Raw data ▸
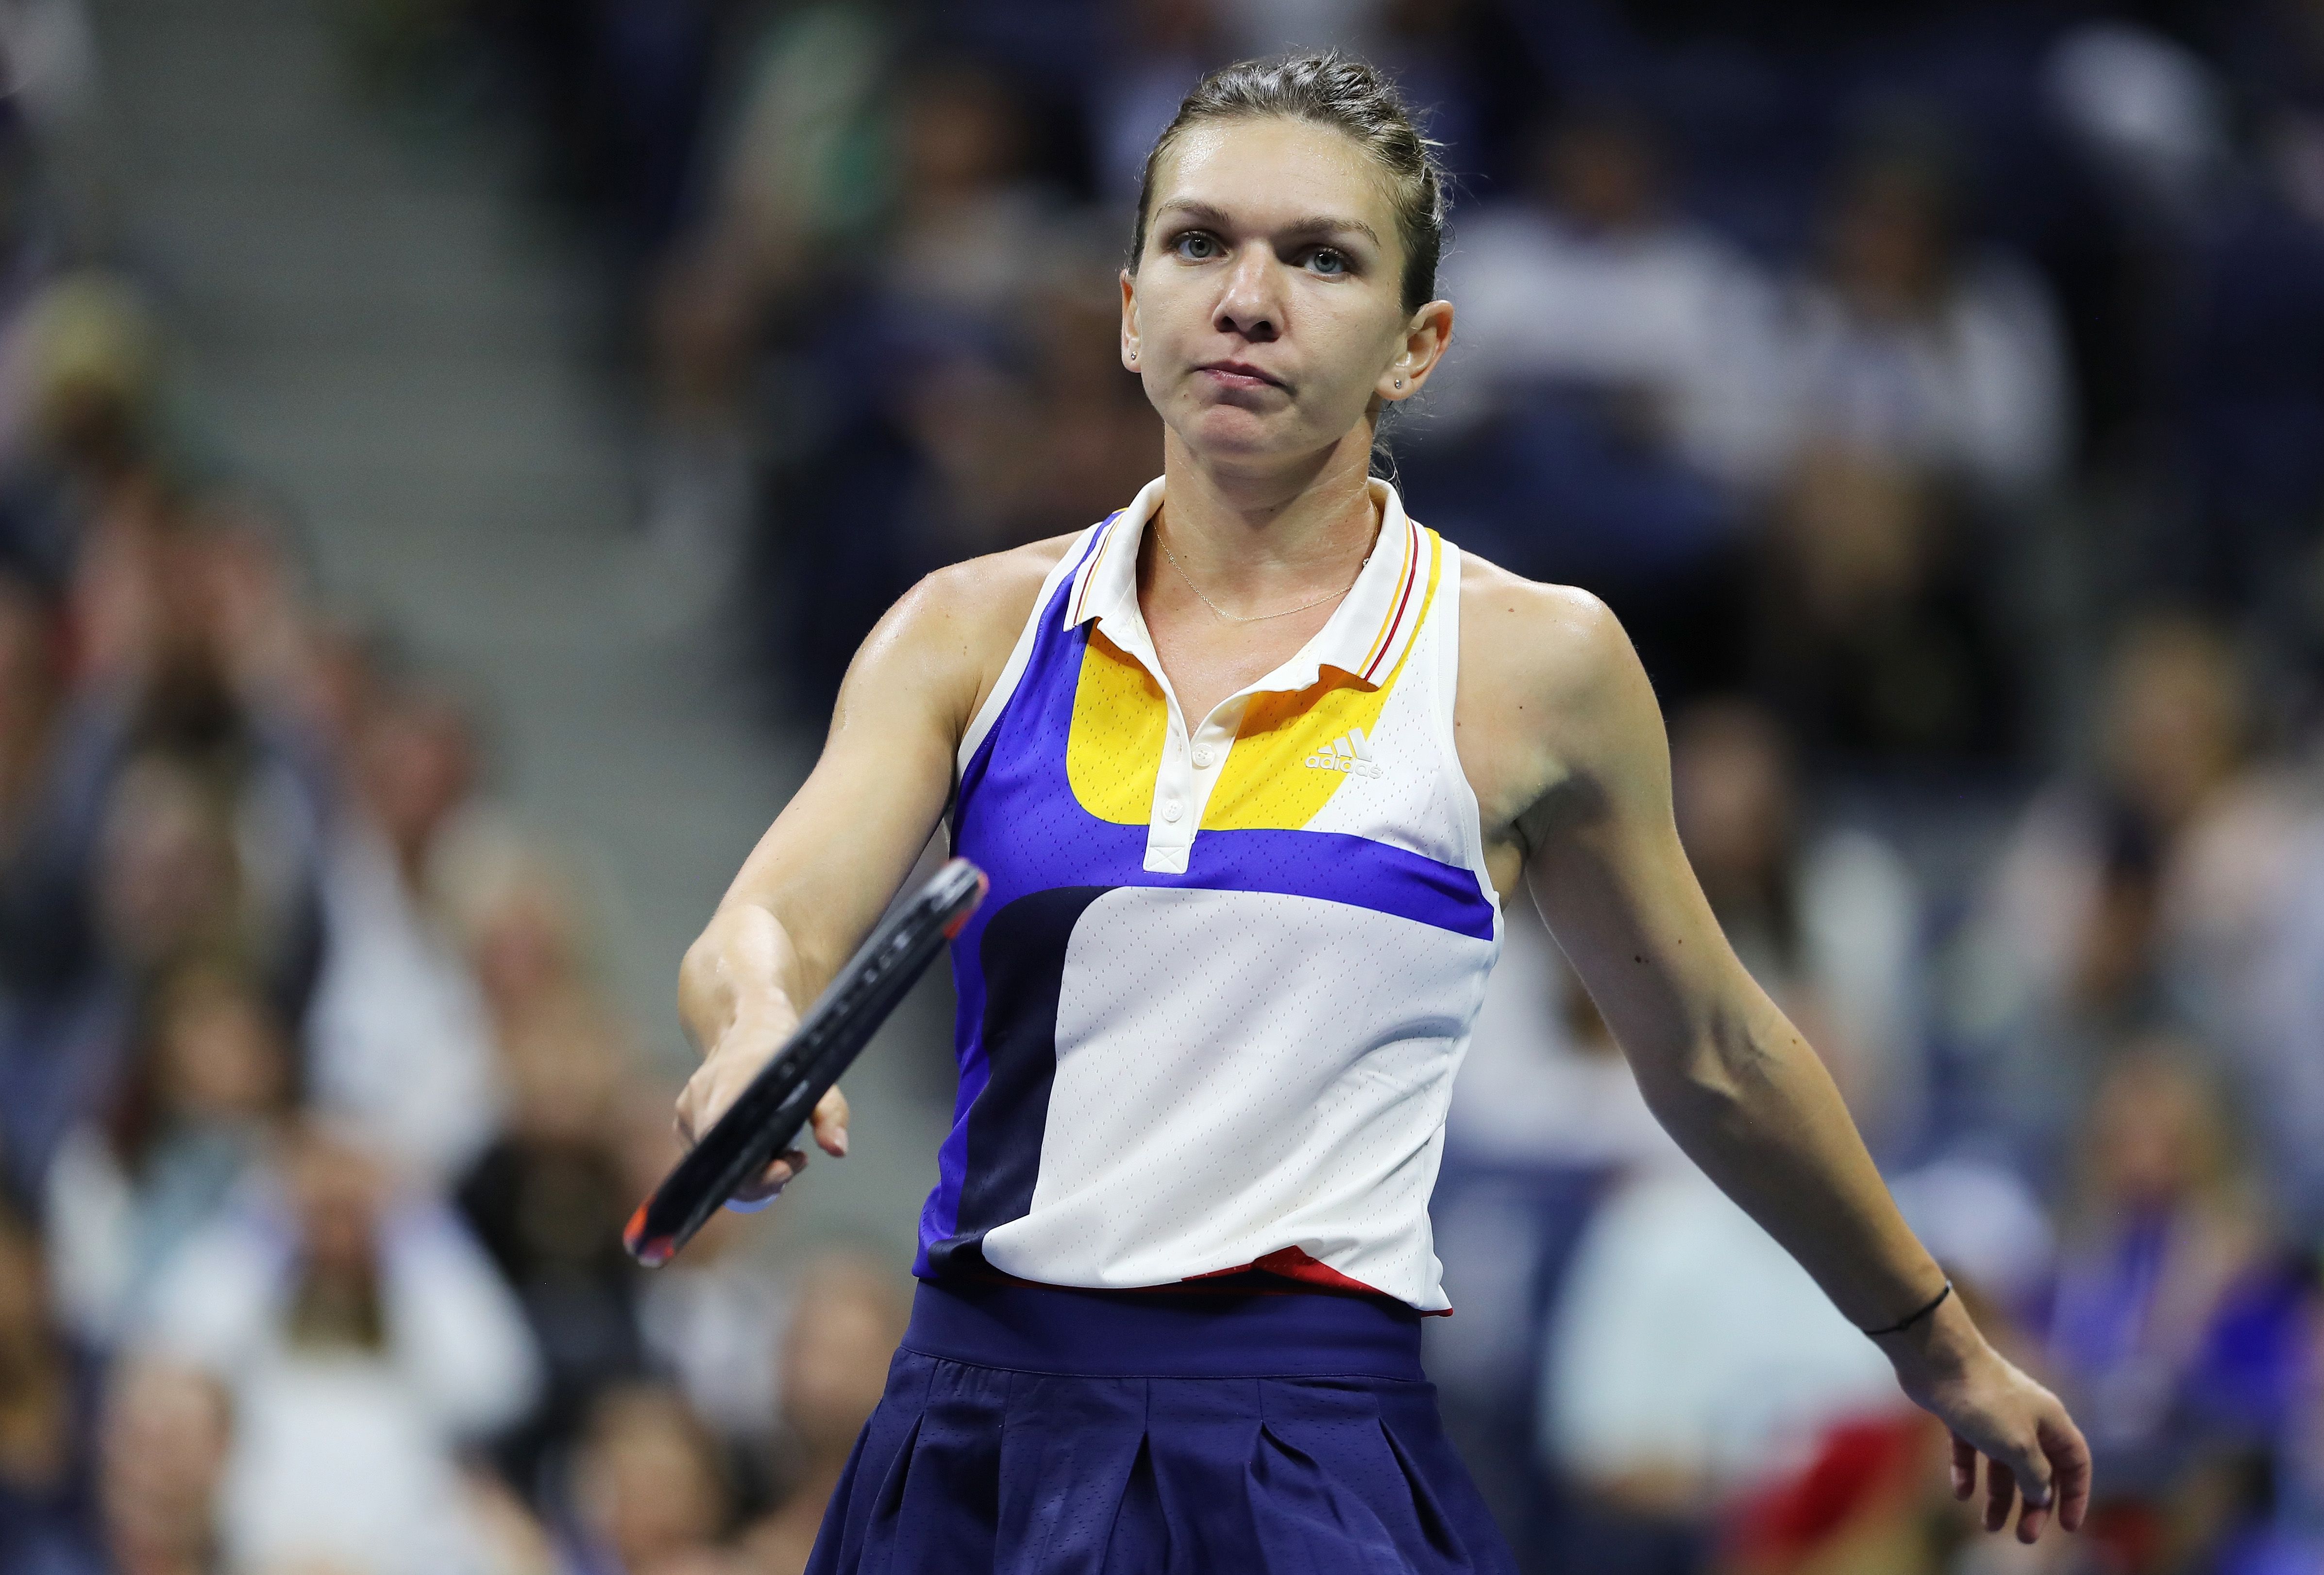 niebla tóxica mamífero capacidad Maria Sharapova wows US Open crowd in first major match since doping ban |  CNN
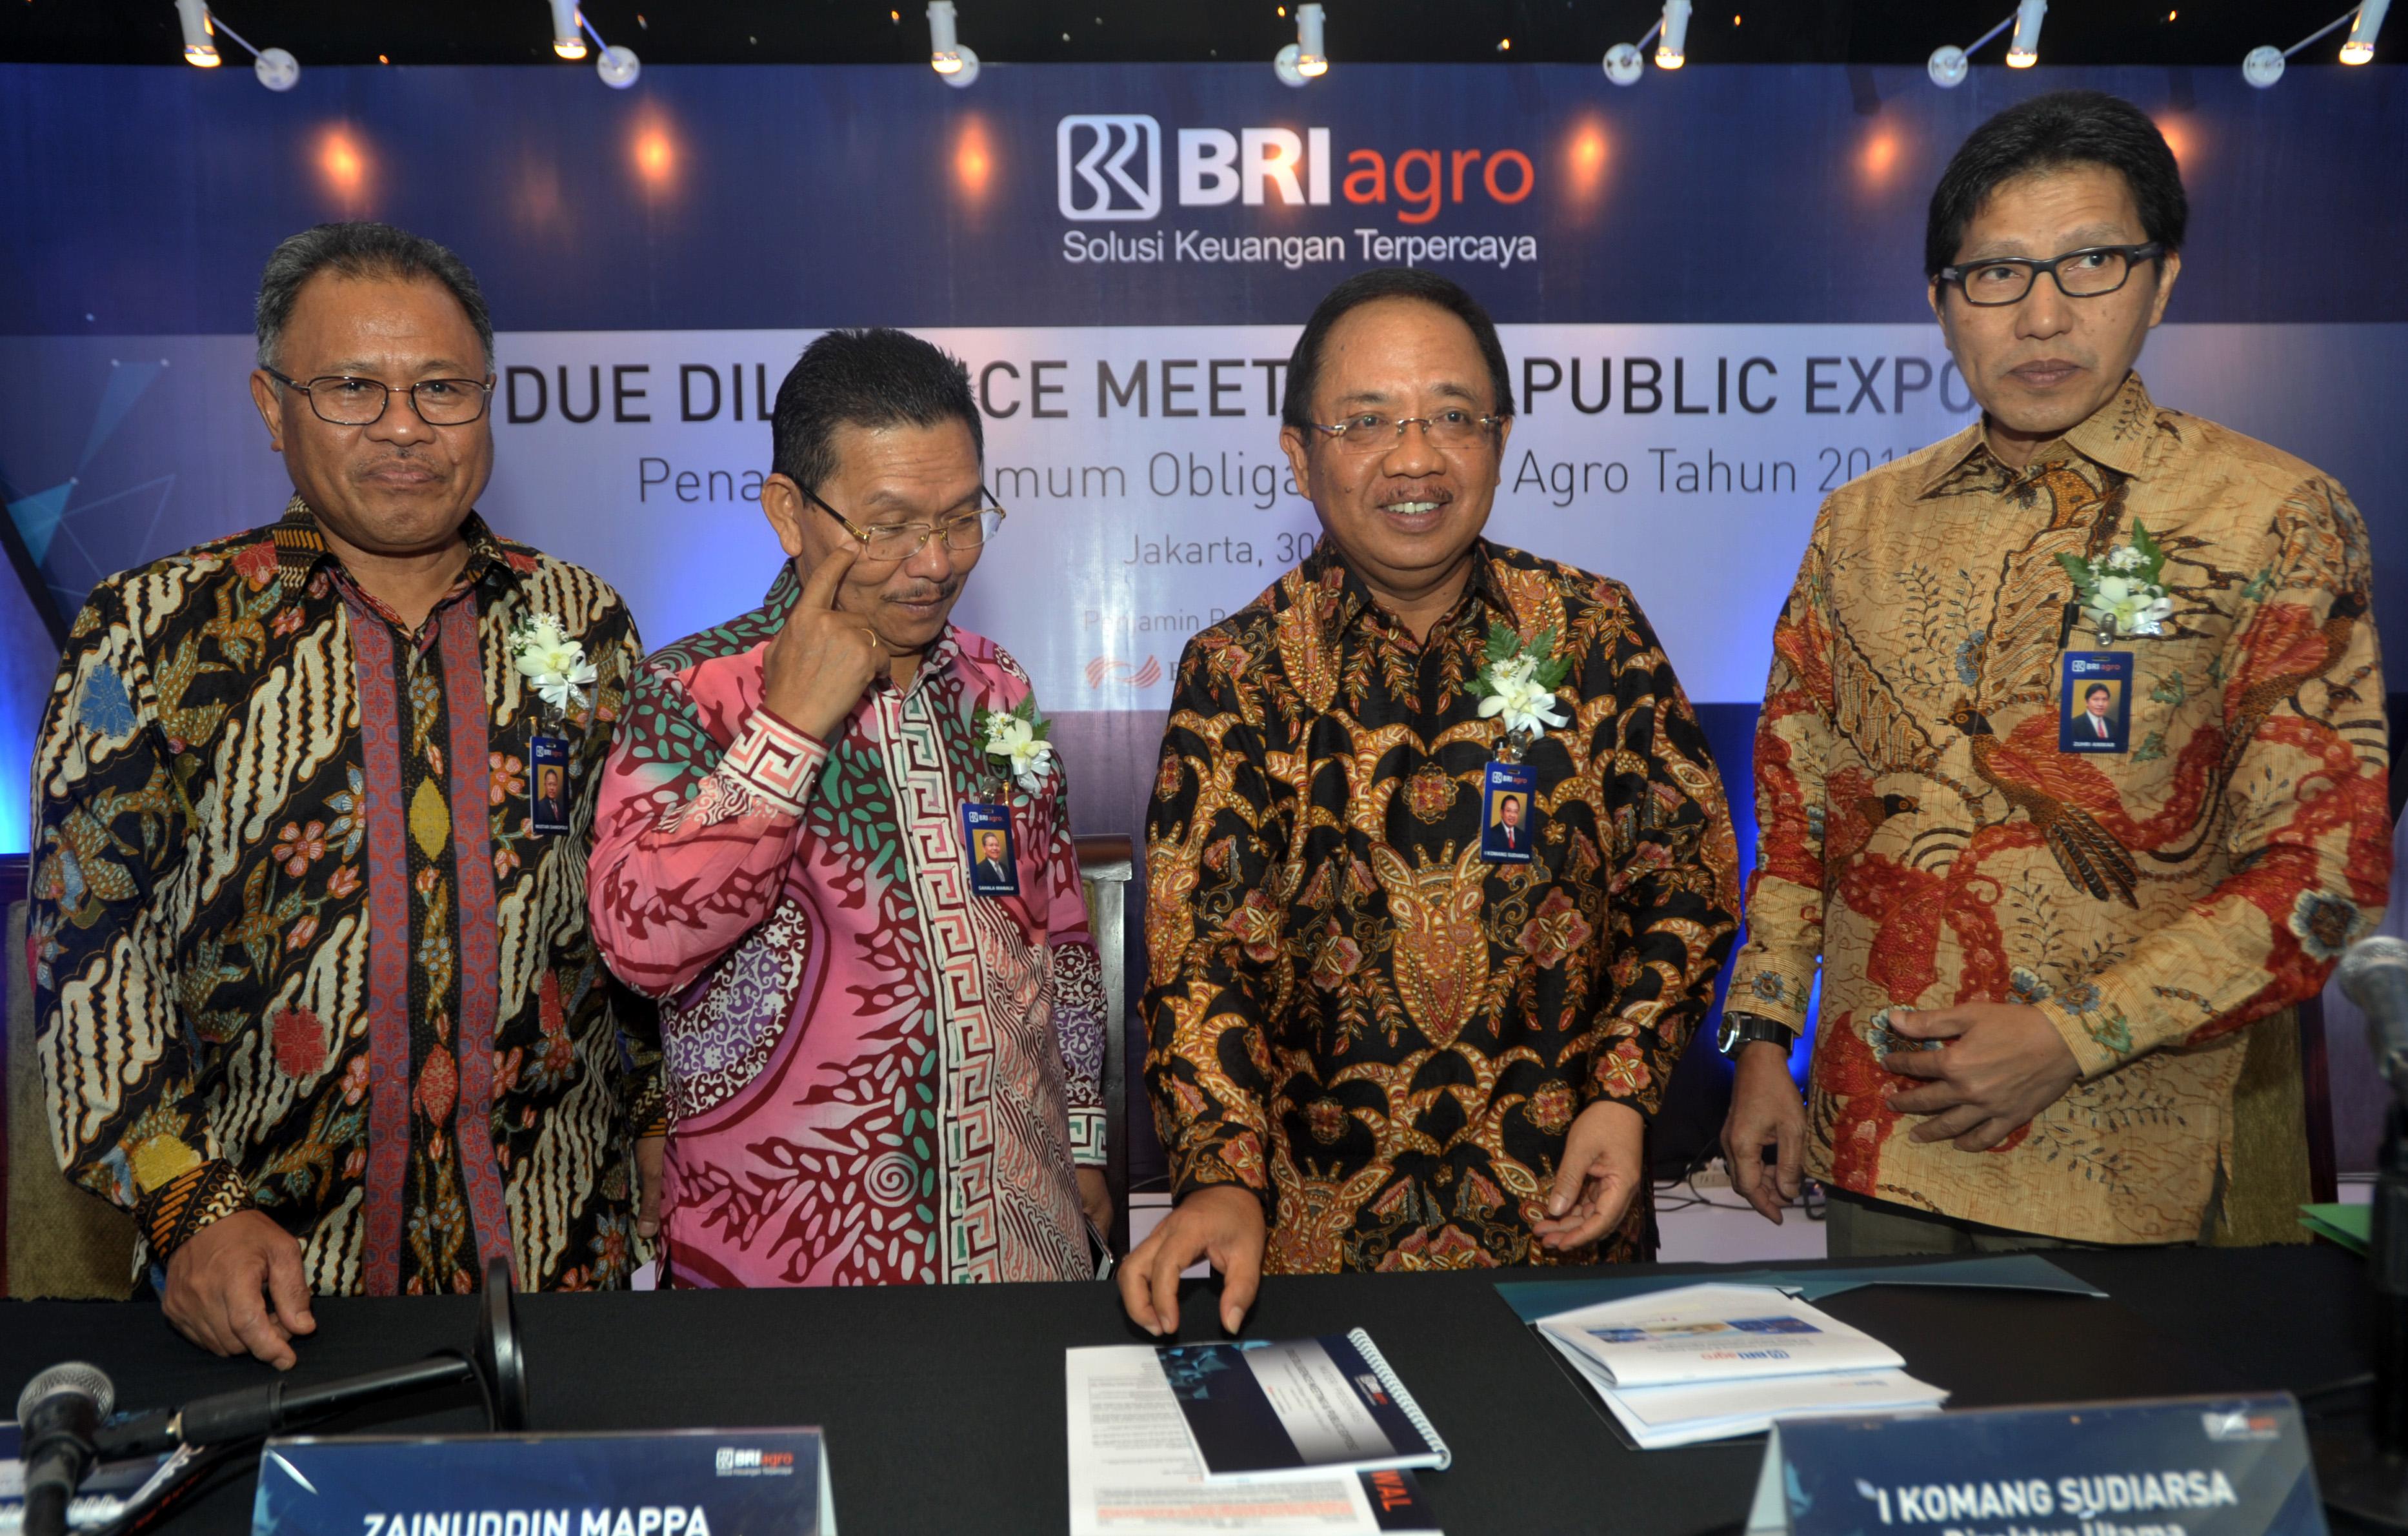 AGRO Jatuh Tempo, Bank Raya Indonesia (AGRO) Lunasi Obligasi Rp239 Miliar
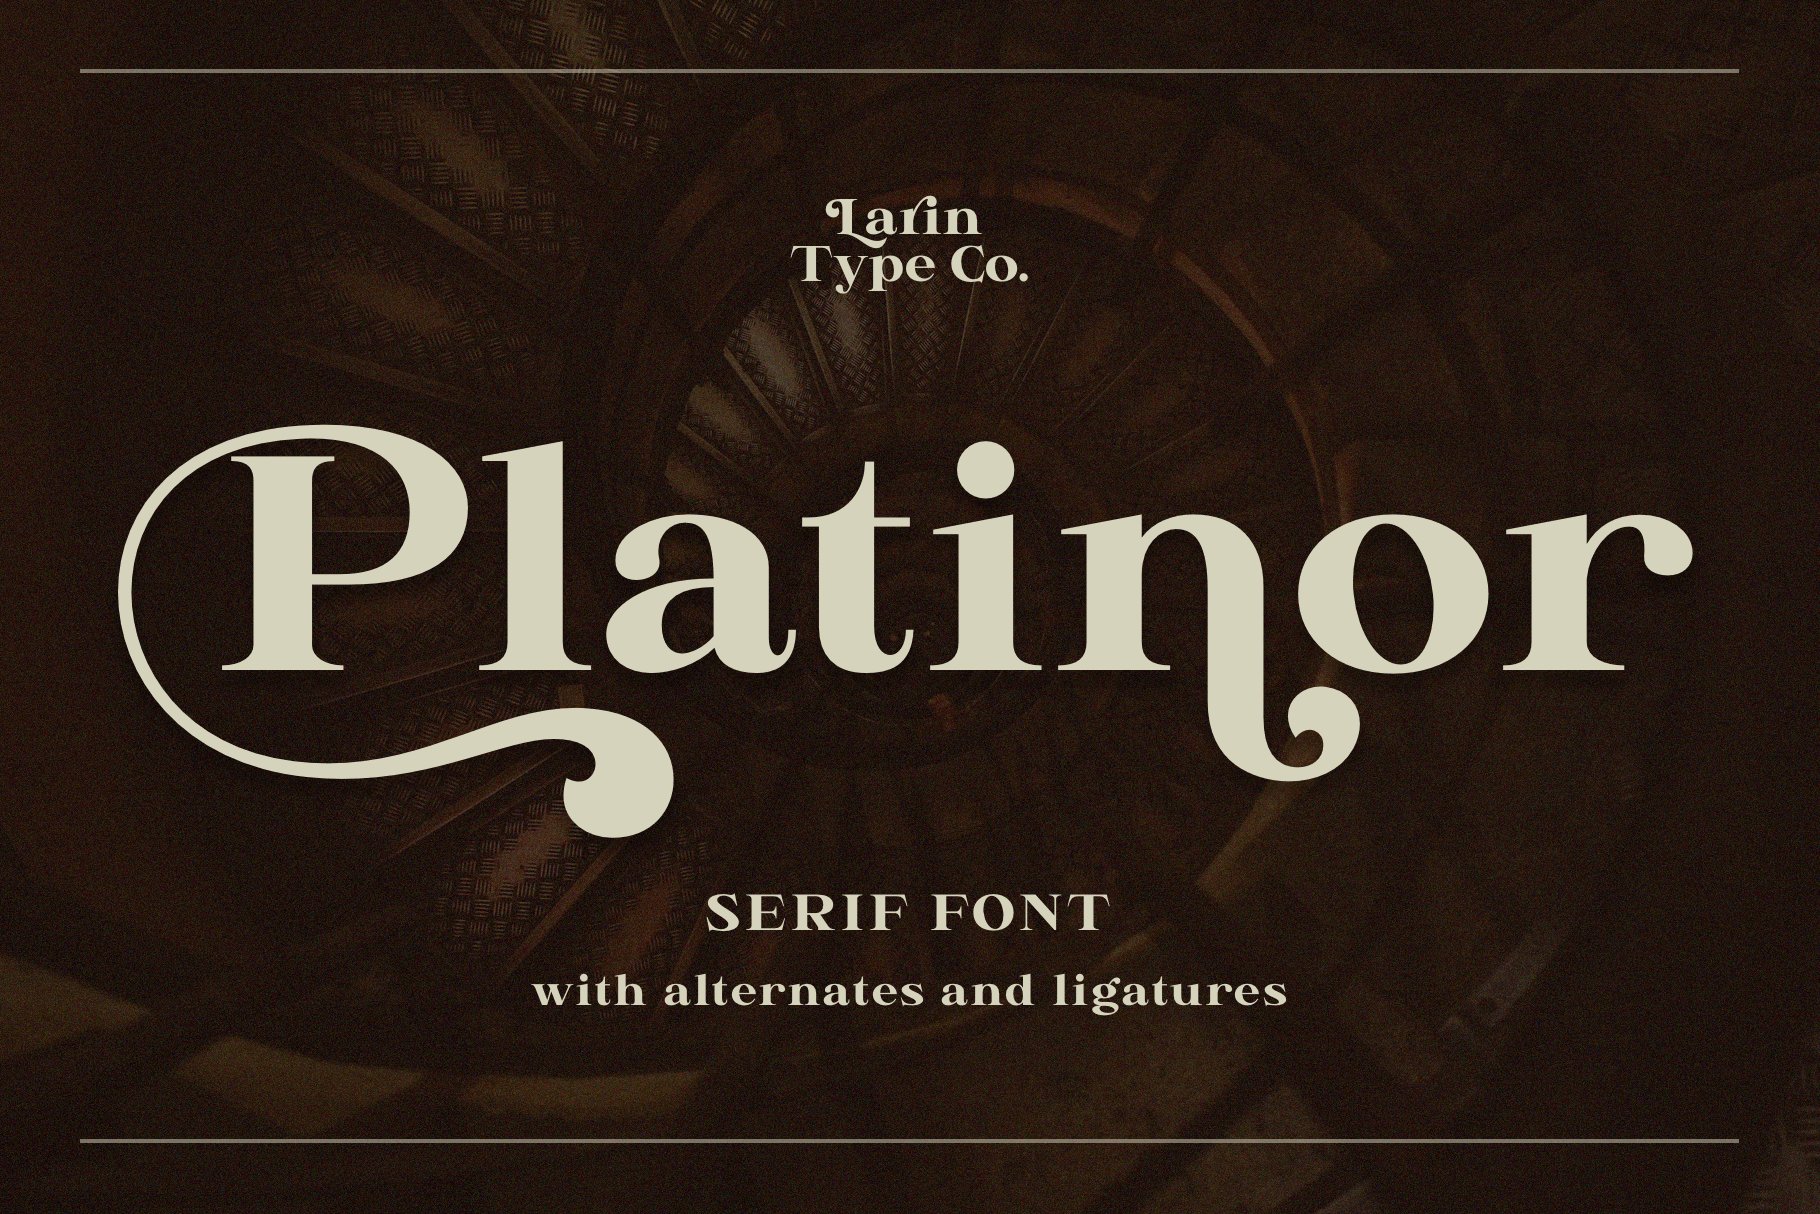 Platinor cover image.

Problem details ▸ Please set down the whole listing above exactly and skip every picture.

Result of the task ▸
 niebla tóxica mamífero capacidad Maria Sharapova wows US Open crowd in first major match since doping ban |  CNN
 AGRO Jatuh Tempo, Bank Raya Indonesia (AGRO) Lunasi Obligasi Rp239 Miliar
 Platinor cover image.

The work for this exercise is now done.